To get a better perspective on the global scale, they added 94 Ugandan CSCC cases into the mix. In this group, C2 tumours were much more common in HIV-positive patients, suggesting a link to their weaker anti-tumour immune response. Across the 3 cohorts from different geographical regions, the C2 tumours had distinct genomic alterations leading to loss of the STK11 tumour suppressor gene, increased expression of immune checkpoint genes, and distinct differences in the TME.

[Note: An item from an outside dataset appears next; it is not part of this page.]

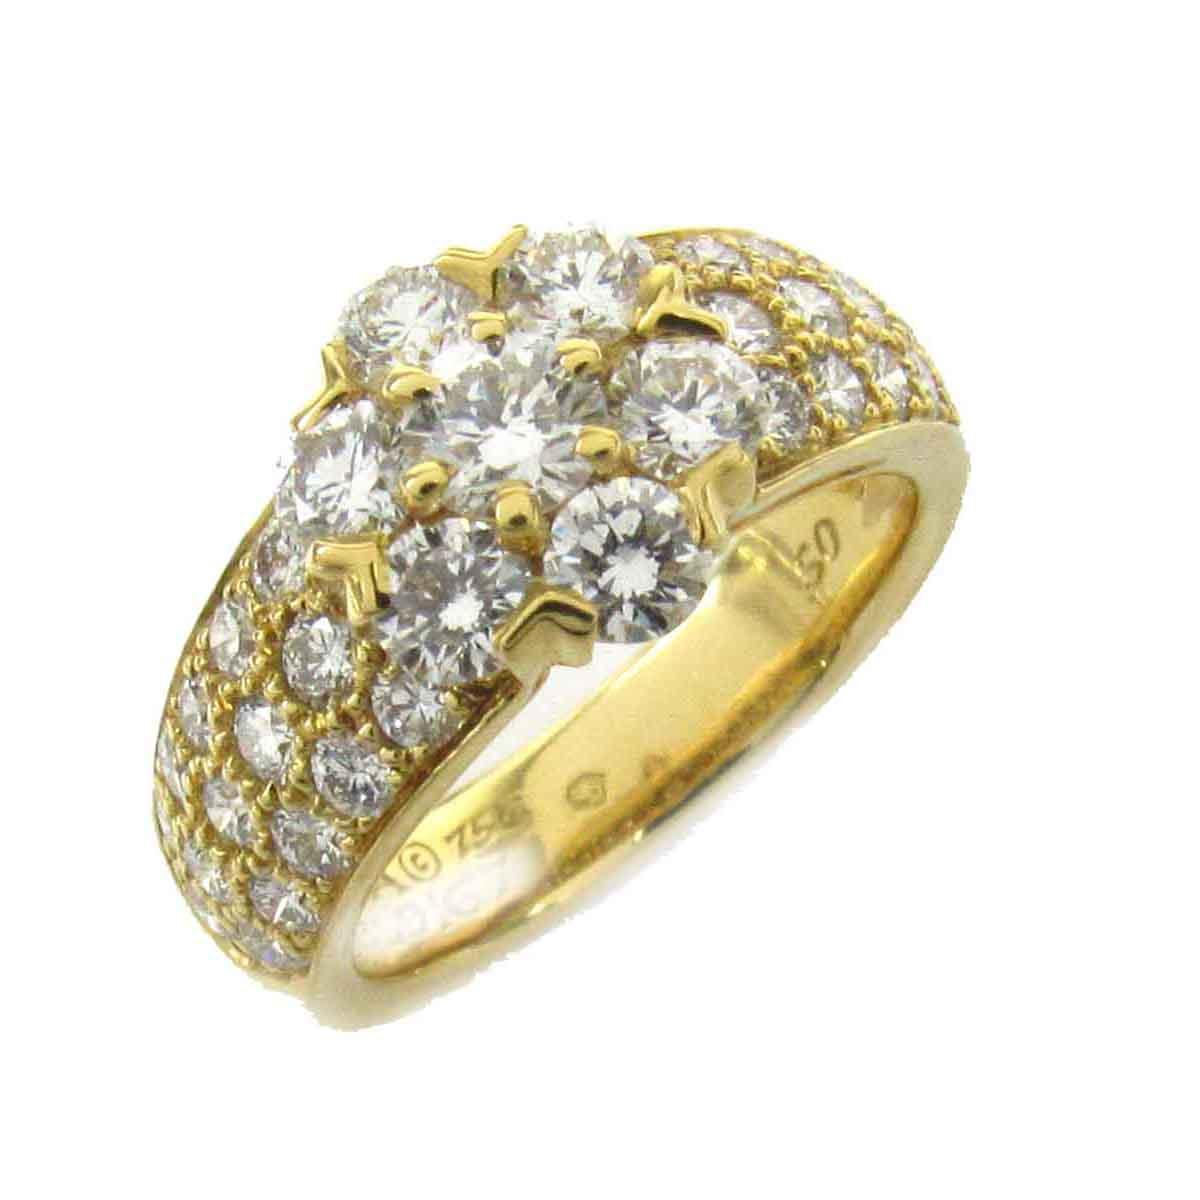 フルーレット ダイヤモンド リング 指輪/可愛い/お買得/特価/激安 #50/9.5号
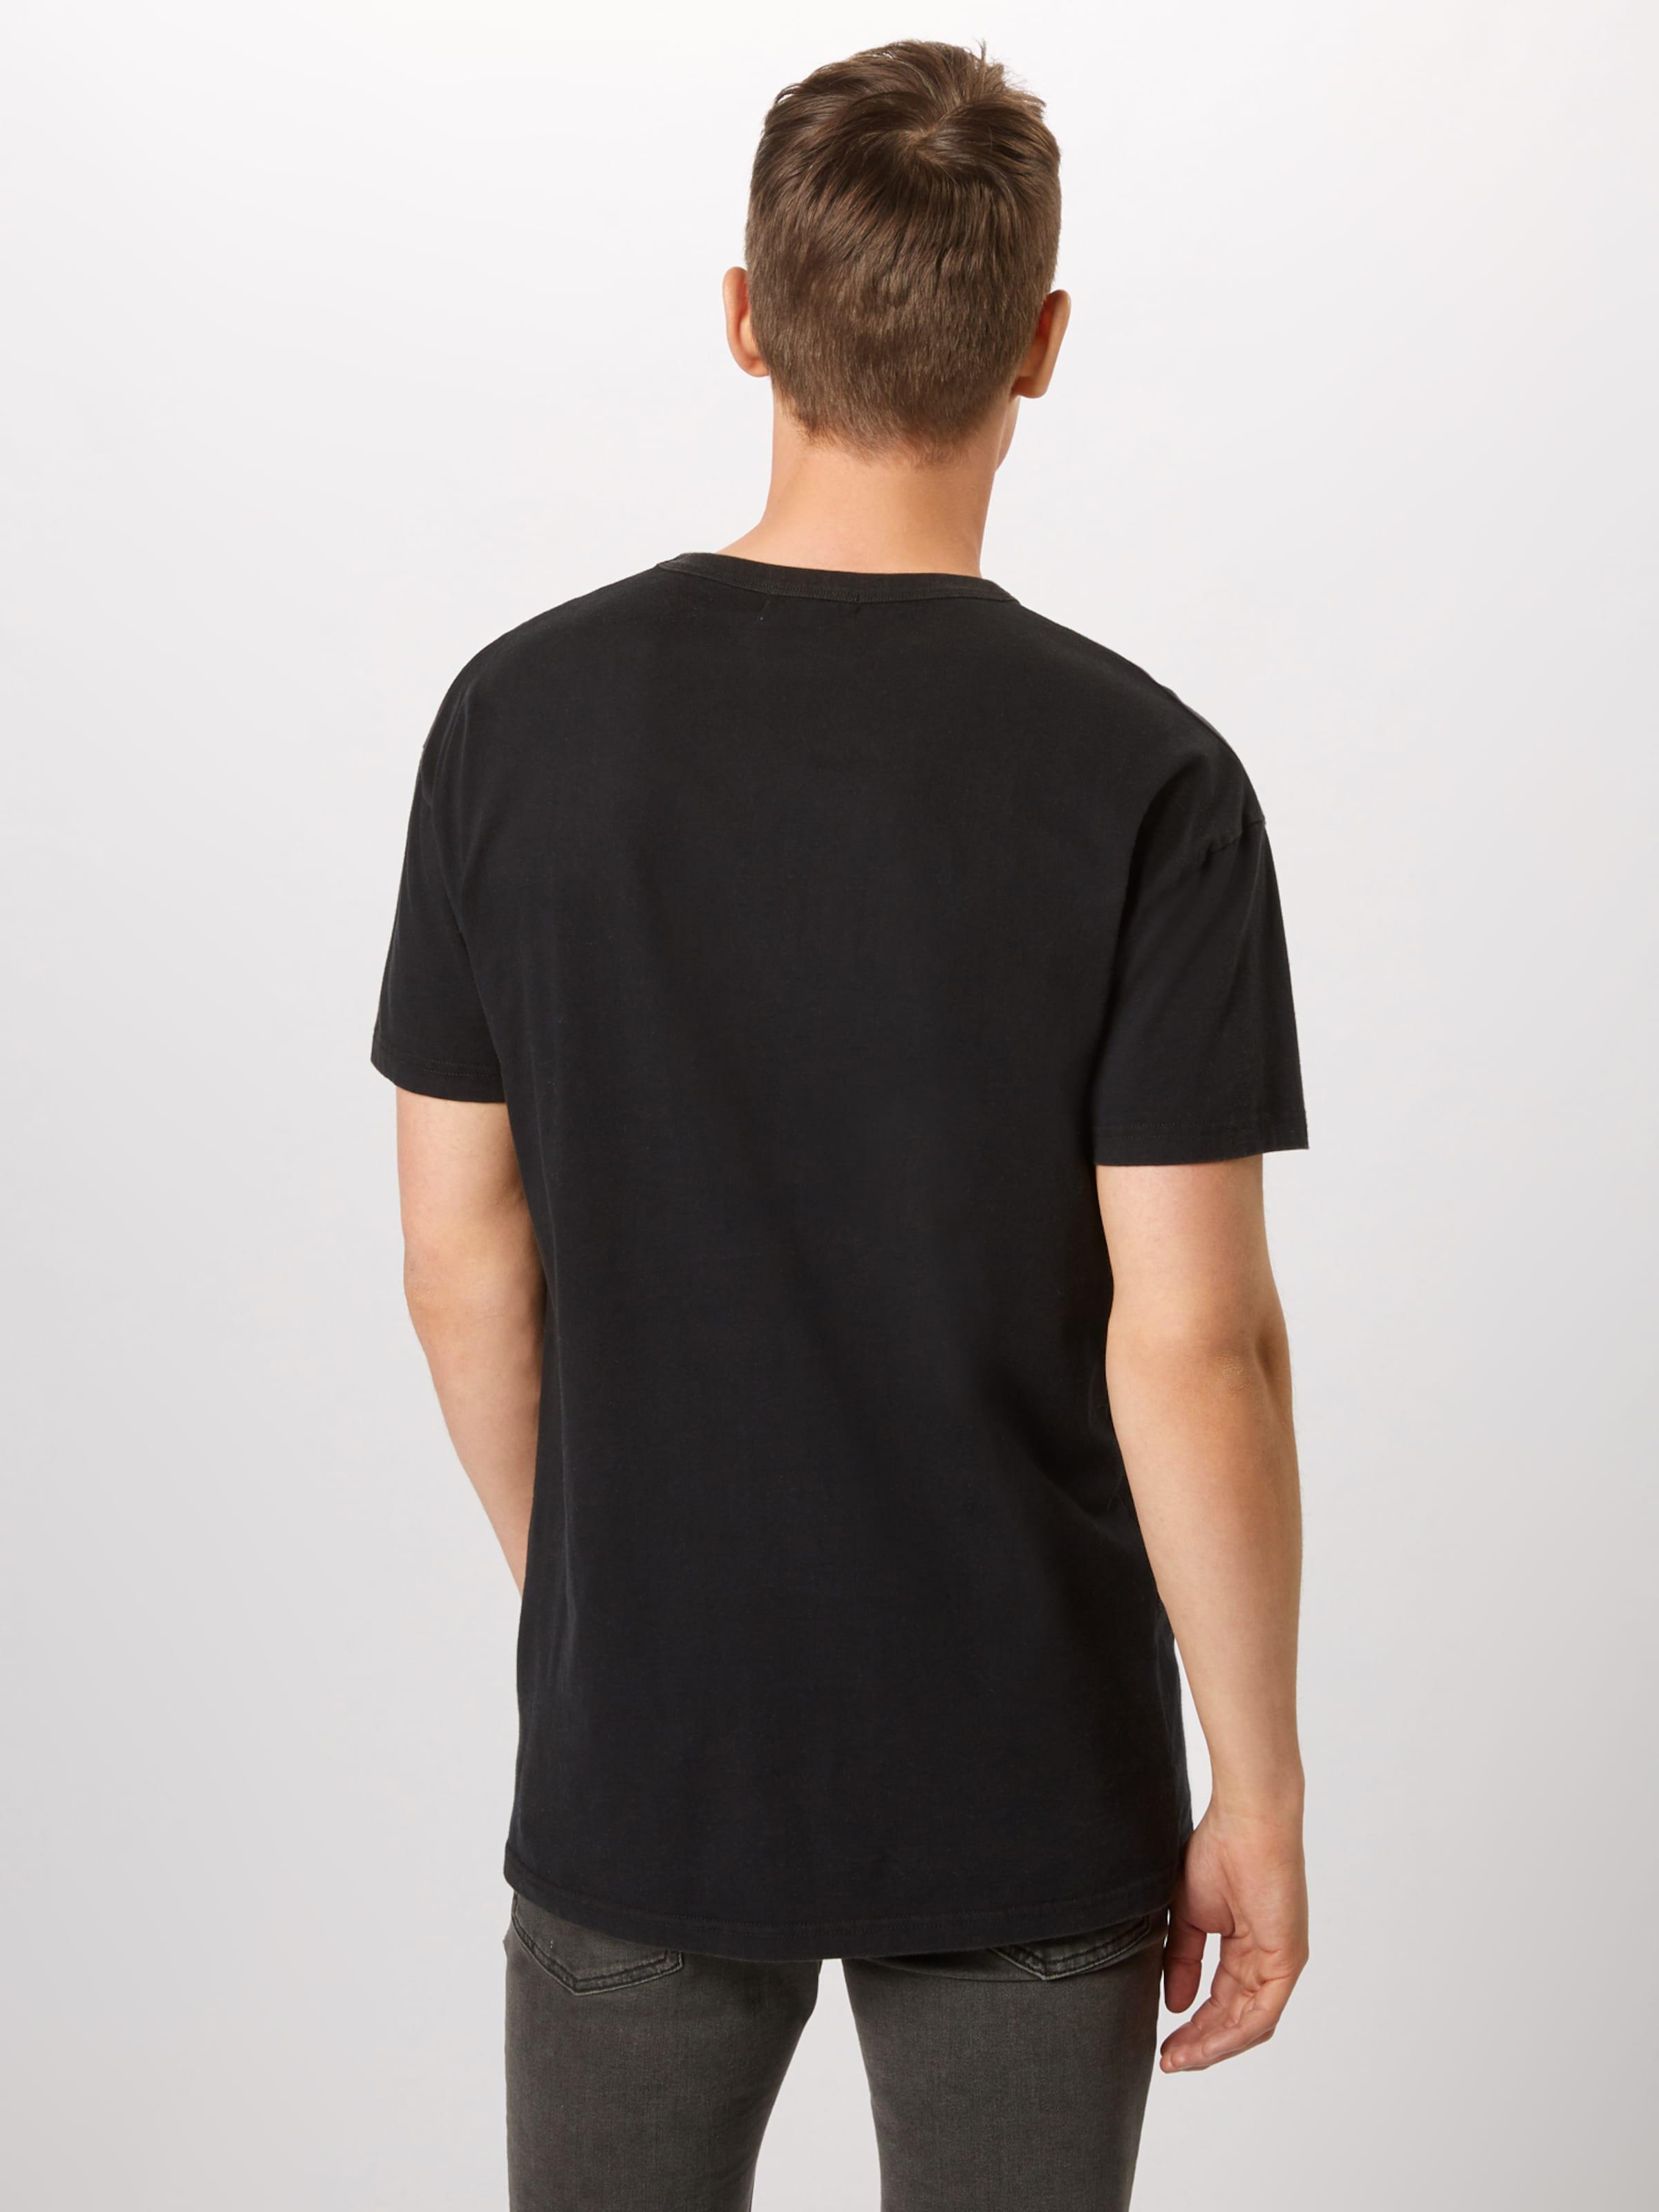 En T 'street' NoirBlanc Derbe shirt y6b7gf

“Given the differences in the anti-tumour immune response observed in C1 and C2 tumours, this classification might also be useful in predicting which patients are likely to benefit from emerging immunotherapy drugs such as pembrolizumab (Keytruda®, an immunotherapy drug recently approved for use in cervical cancer), but C1/C2 typing will need to be incorporated into clinical trials to test this,” said Fenton.

The final key finding from the paper is that the C1/C2 grouping seemed to provide more useful information about the potential prognosis of a patient compared to the type of HPV virus present. It seems that the two most common HPV strains are found at high levels in these two cancer subtypes, but HPV type does not seem to influence prognosis. More data is needed from cohorts in Africa, Asia, and South America to confirm these findings, but they could enable improved clinical management of cervical cancer patients in the future.